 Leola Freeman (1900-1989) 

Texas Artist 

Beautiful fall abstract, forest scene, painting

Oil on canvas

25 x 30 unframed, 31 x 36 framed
...
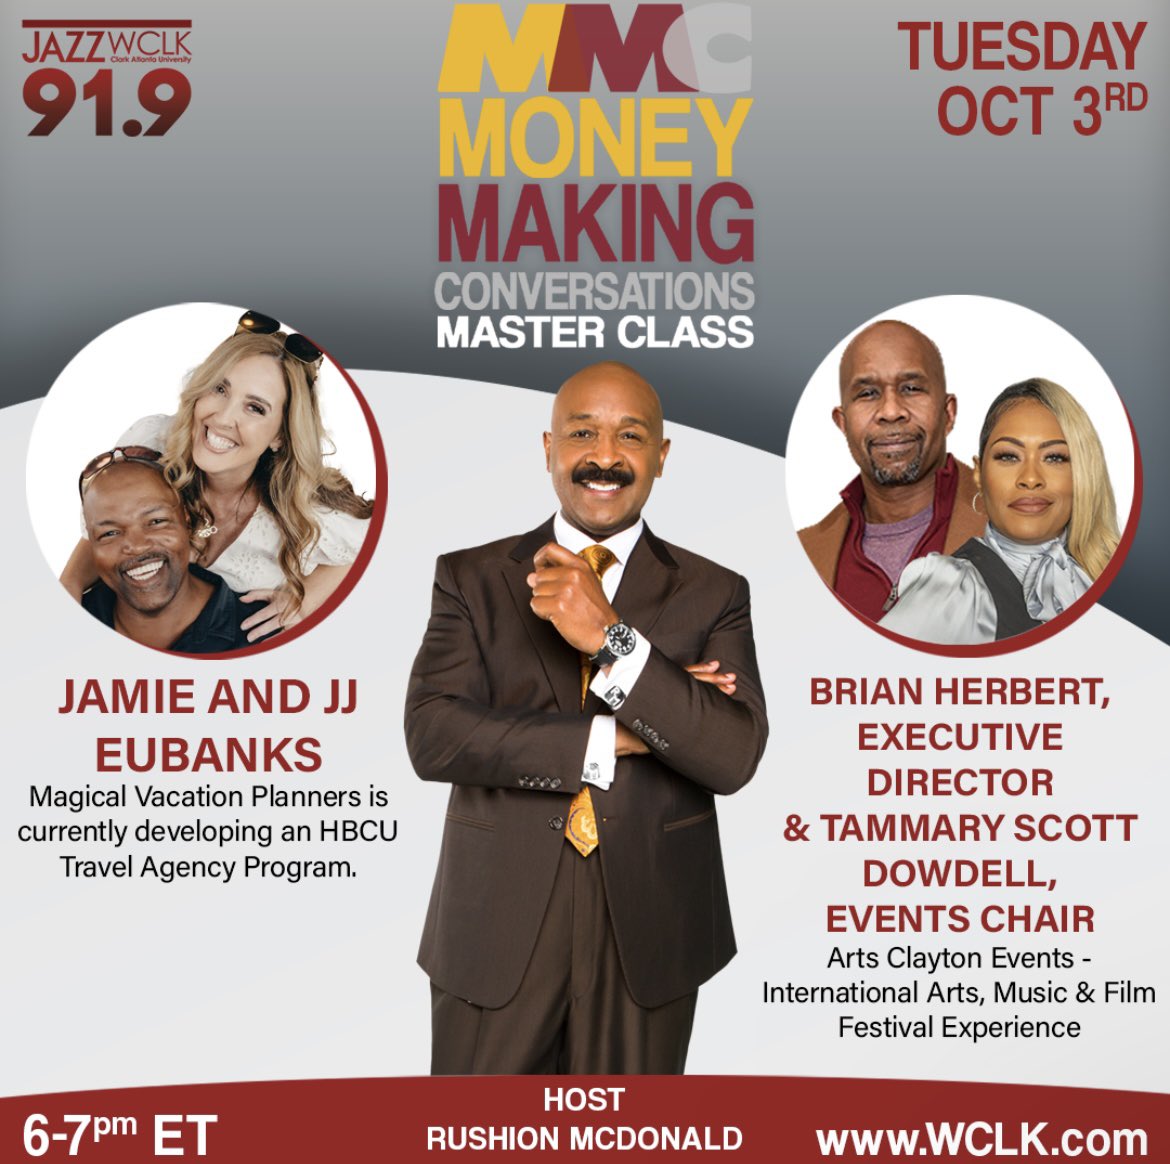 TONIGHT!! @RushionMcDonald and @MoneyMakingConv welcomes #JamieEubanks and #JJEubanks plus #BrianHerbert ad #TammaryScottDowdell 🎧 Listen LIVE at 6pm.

*Problem statement:*
In the entries above, please find the line with "Leola Freeman (1900-1989)" and the line with "25 x 30 unframed, 31 x 36 framed", then write out exactly those two lines and every line between them, and nothing more.

*Answer to the exercise:*
 Leola Freeman (1900-1989) 

Texas Artist 

Beautiful fall abstract, forest scene, painting

Oil on canvas

25 x 30 unframed, 31 x 36 framed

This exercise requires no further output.